This is Depp as a cold, calculating evil presence in a film that doesn’t break any new ground in the mobster genre.  But Depp is the centerpiece and better than the movie Director Scott Cooper (Crazy Heart) built around him. And Joel Edgerton is no slouch either. This is Depp’s movie but Edgerton as FBI agent John Connolly, also gives a solid performance in this chilling film.












This is the true story of South Boston mobster James "Whitey" Bulger and how Connolly used Bulger to break the Italian mob stronghold, as well as how this Irish bad guy used law enforcement to aid his murderous rise to the top of the Boston gangster food chain in the 1970’s. Written by Mark Mallouk and Jez Butterworth from the book “Black Mass: The True Story of an Unholy Alliance Between the FBI and the Irish Mob” by Dick Lehr and Gerard O’Neill, Black Mass is an intense look inside the Southie Mob(Boston’s rough neighborhood at that time), but the veil over Whitey Bulger is never pulled off completely.


Every frame of this film revolves around Whitey, even when he is off camera the audience and the characters on screen are wondering where he’ll appear and will death come along with him. It took 2.5 hours in the make up chair each day to put all the prosthetic devices on Depp’s face and head to give him the protruding forehead with the receding blonde hairline. The hand-painted, piercing, light blue contacts he wears gives him a lizard-like aura. The menacing look is topped off by a rotting front tooth. The real James Bulger never bothered to risk a dental appointment to get it fixed.













His boyhood friend John Connolly (Joel Edgerton), who became an FBI agent, enlisted Bulger as an informant to bring down the Italian Mafia. Connolly thought he could outsmart his bosses, get rid of the Italian gang and keep Bulger in check. What he didn't see coming is that Bulger used the FBI to do his dirty work while he moved in and ran Boston's underworld without opposition from both sides of the law.


Bulger is a crudely efficient criminal. He and his henchmen Kevin (Jessie Plemmons) and Steve Flemmi (Rory Cochrane) shoot and strangle without hesitation or remorse. It’s business as usual. Complicating matters even more is Bulger's brother, Billy (Benedict Cumberbatch), a State Senator and one of the most powerful politicians in Massachusetts. Did he cooperate?











Boston is a major character in this film. Some scenes were shot in surrounding decaying communities like Chelsea and Lynn, (that’s where Al  was born). There is nothing pretty to look at. The dilapidated  clapboard houses and the grimy streets add the right visual counterpart to the misery of the people we’re watching. The scenes of Miami were actually shot at Revere Beach nearby adding palm trees and turning a pizza place into a Cuban café.

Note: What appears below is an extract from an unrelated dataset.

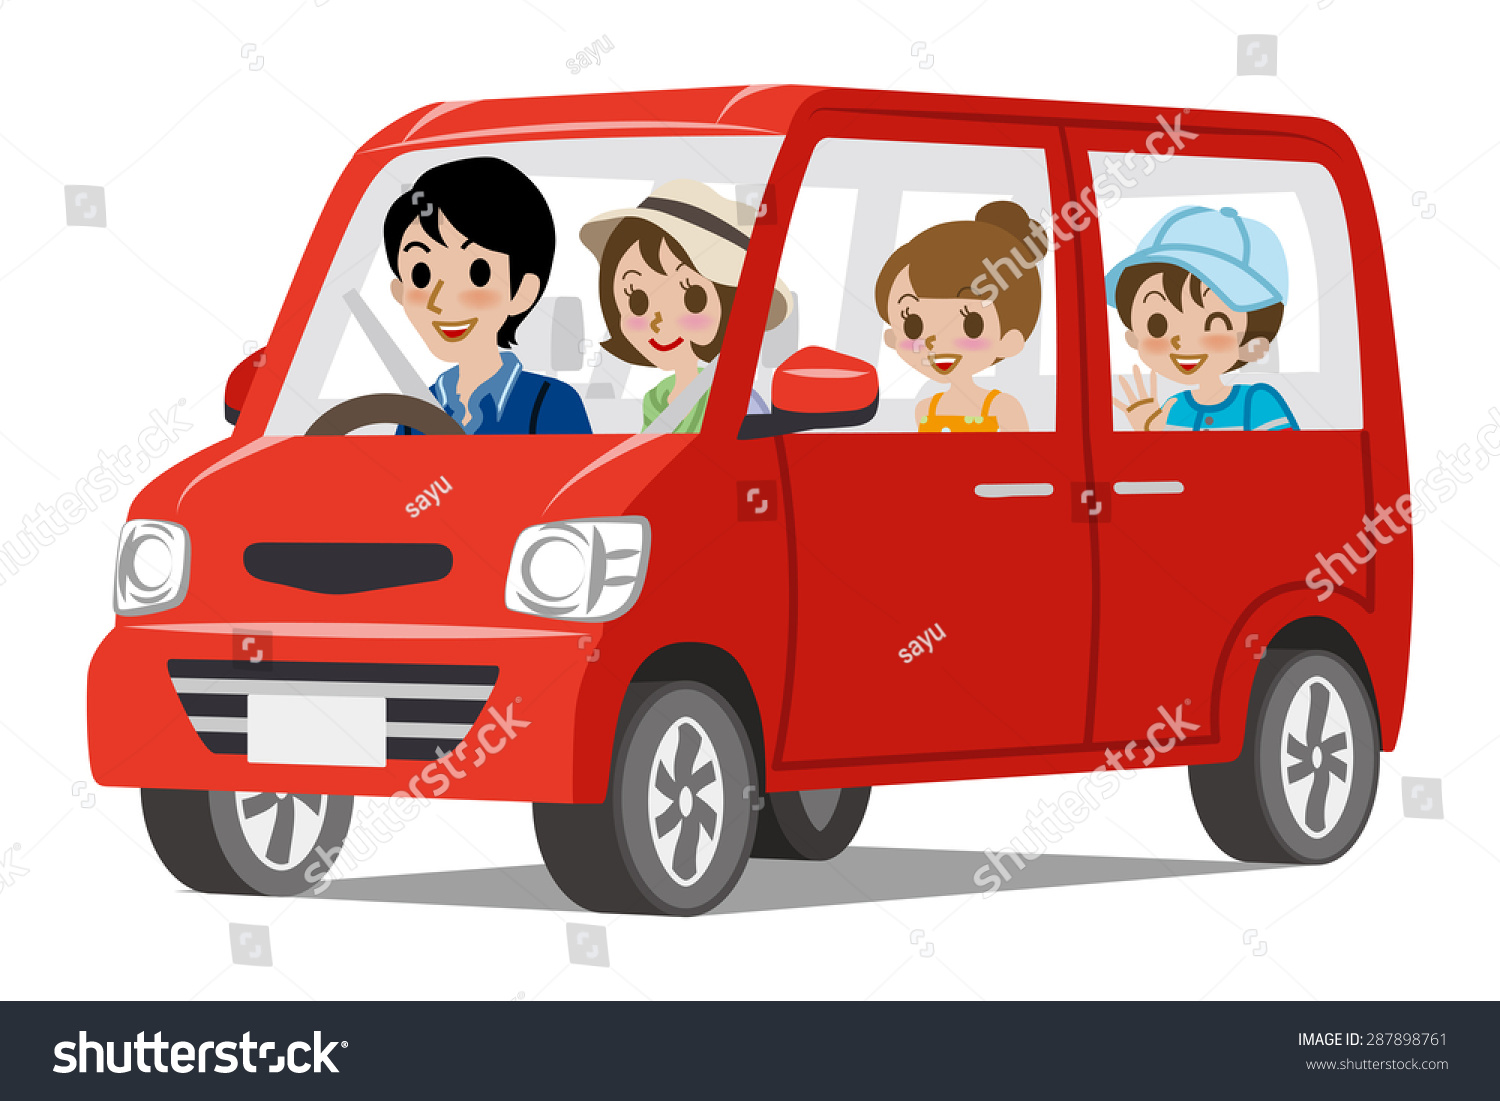 free clipart family in car - photo #33

We know what a Boston accent sounds like and we can tell you, Johnny Depp could pass for a native. He says he  hung out with Aerosmith guitarist Joe Perry to get the accent. He has a thick, but not outlandish “wicked bad” Boston accent. Most of the other actors produce a somewhat credible Boston sound. Benedict Cumberbatch tries his best, but he never completely loses his more refined British sound which we think weakened his performance.













There are just a few women in this tale. Bulger was not above murdering females, but perhaps the scariest moment in the film is his encounter with Connolly’s wife Marianne, played by Julianne Nicholson. If you just read the dialogue, this might seem like an innocuous moment. But Depp’s pacing, his steady gaze and his hands touching her hair and neck was terrifying, not only for her. It’s chilling. She knew, and the audience felt, that her life was on the line at that moment. It’s a remarkable scene.












Is this movie worth your bucks? Scott Cooper jams 40 years of Bulger’s life into 2 hours. (It was originally 3 but edited down for pacing). We never tired watching Johnny Depp inhabit his character, but the scenes of Edgerton screaming at his FBI colleagues to keep trusting his criminal pal became repetitive and tiresome. In fact all the FBI agents, including Charles McGuire (Kevin Bacon) and Fred Wyshak (Cory Stoll), raise the decibel level. The real Whitey Bulger who is serving his double life sentence in Maximum Security reportedly doesn’t like Depp’s portrayal, even though he hasn’t seen it. That probably means Depp nailed his subject. But there are reports that Bulger’s buddies were not fans either. Although some consulted on the project as the film was being made.


The story, the violence and the body count are not the reasons you should see Black Mass. Johnny Depp has finally found a way to let us forget his roles in Alice in Wonderland, Dark Shadows and Charlie and the Chocolate Factory. Maybe Depp’s portrayal of this villainous monster is the only thing we can thank Bulger for.  Depp truly embodies this bad dude.